4. sumber air baku yang direncanakan adalah sumur air baku eksisting dari
Sungai Lematang, Sungai Lingsing dan mata air.
c. Pengembangan air baku untuk air bersih sebagaimana dimaksud dalam Pasal 19
ayat (1) huruf d terdiri atas :
1. pembangunan sumber dan distribusi air bersih untuk memenuhi kebutuhan air
terutama untuk kawasan industri, perdagangan, jasa, fasilitas umum dan
permukiman perkotaan; dan,
2. pengembangan IPAM di setiap ibukota kecamatan yang terdiri atas:
3. IPAM Pasar Baru terletak di Kecamatan Lahat;
4. IPAM Gunung Gajah terletak di Kecamatan Lahat; dan
5. IKK PAM Bungamas di Kecamatan Kikim Timur.
6. sumber air baku yang direncanakan adalah sumur air baku eksisting dari
Sungai Lematang dan mata air.
d.

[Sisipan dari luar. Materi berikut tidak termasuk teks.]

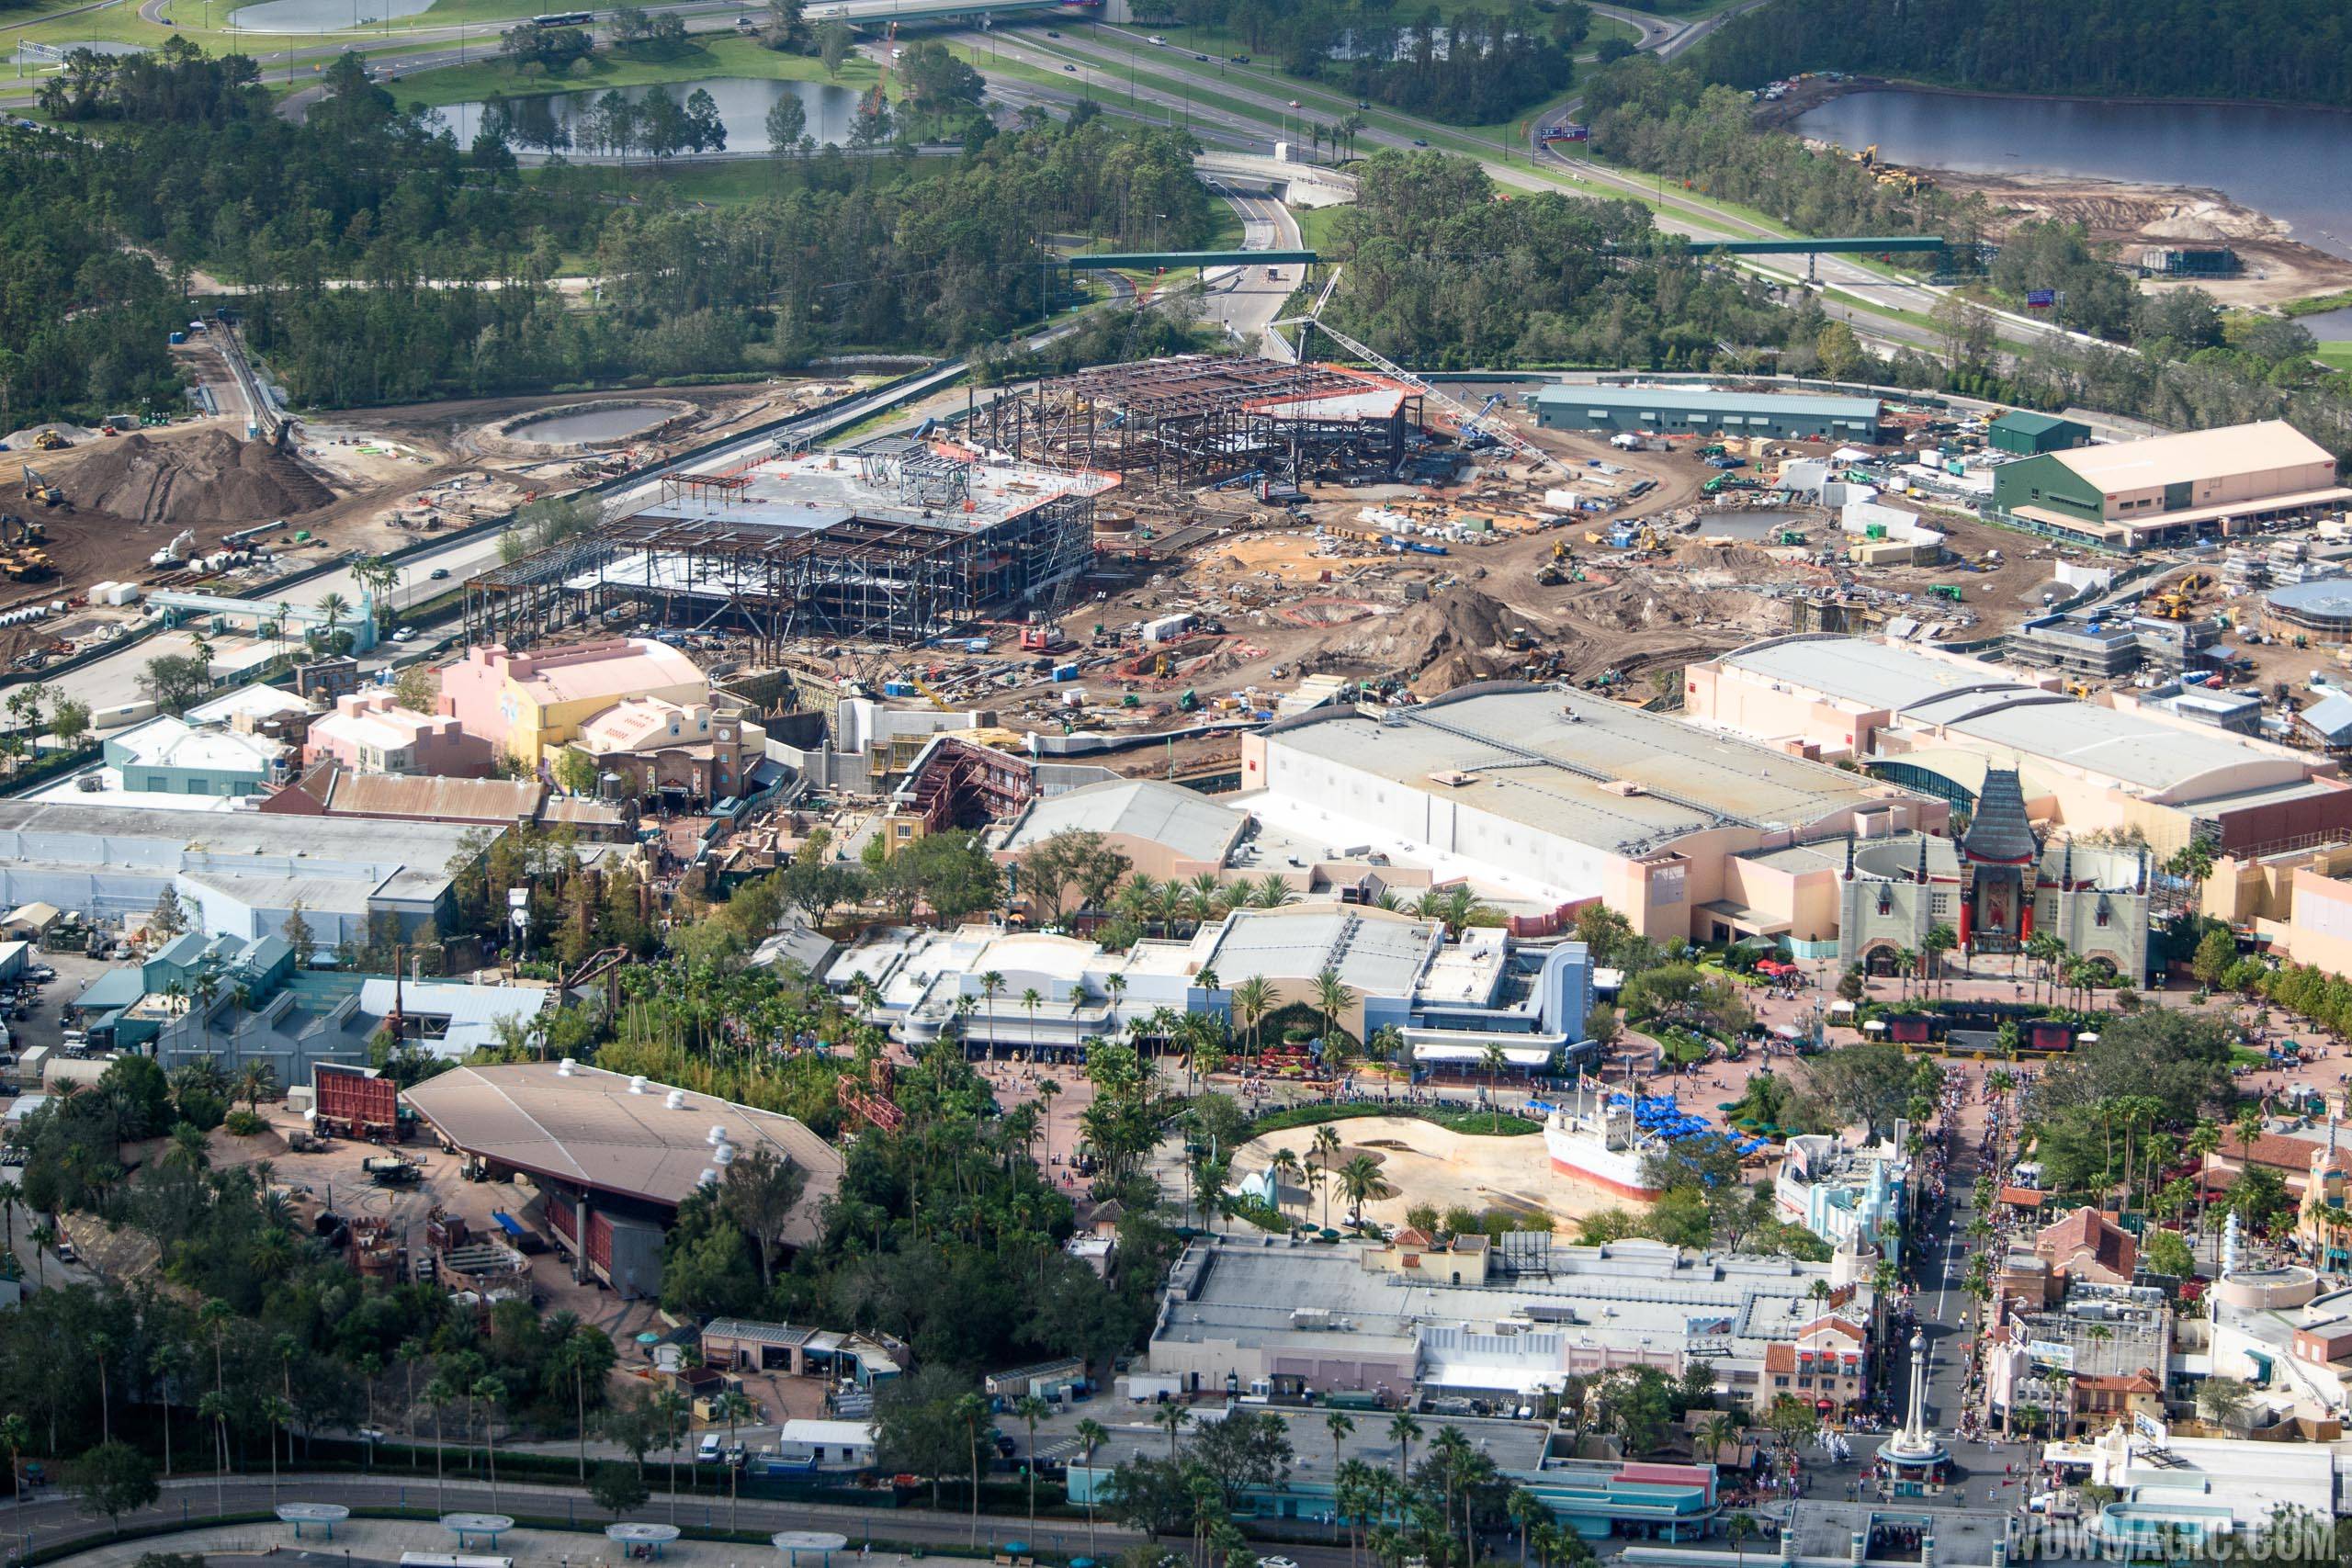 Wide view of Star Wars Galaxy's Edge at Disney's Hollywood Studios

Pengembangan jaringan air minum ke kelompok pengguna sebagaimana
dimaksud dalam Pasal 19 ayat (1) huruf d, terdiri atas :
1. Pengembangan sistem jaringan primer dan sekunder dengan mengikuti pola
jaringan jalan dan peletakan bangunan; dan
2. Pembangunan bangunan pengambilan air pada sumber air baku pada sungai
lematang dan mata air.
Paragraf 6
Rencana Sistem Prasarana Lainnya
Pasal 20
(1) Rencana sistem prasarana lainnya terdiri atas :
a. sistem pengendalian erosi dan longsor; dan
b. ruang dan jalur evakuasi bencana.
(2) Sistem pengendalian erosi dan longsor sebagaimana dimaksud pada ayat (1) huruf
a, terdiri atas :
a. melakukan penghijauan dan/atau penanaman vegetasi yang mampu menahan
erosi pada lahan-lahan berlereng dengan kategori agak curam, curam dan sangat
curam yang memiliki kemiringan mulai 25 persen hingga lebih dari 40 persen;
b. melakukan rekayasa teknik berupa pembangunan tembok penyokong (talud)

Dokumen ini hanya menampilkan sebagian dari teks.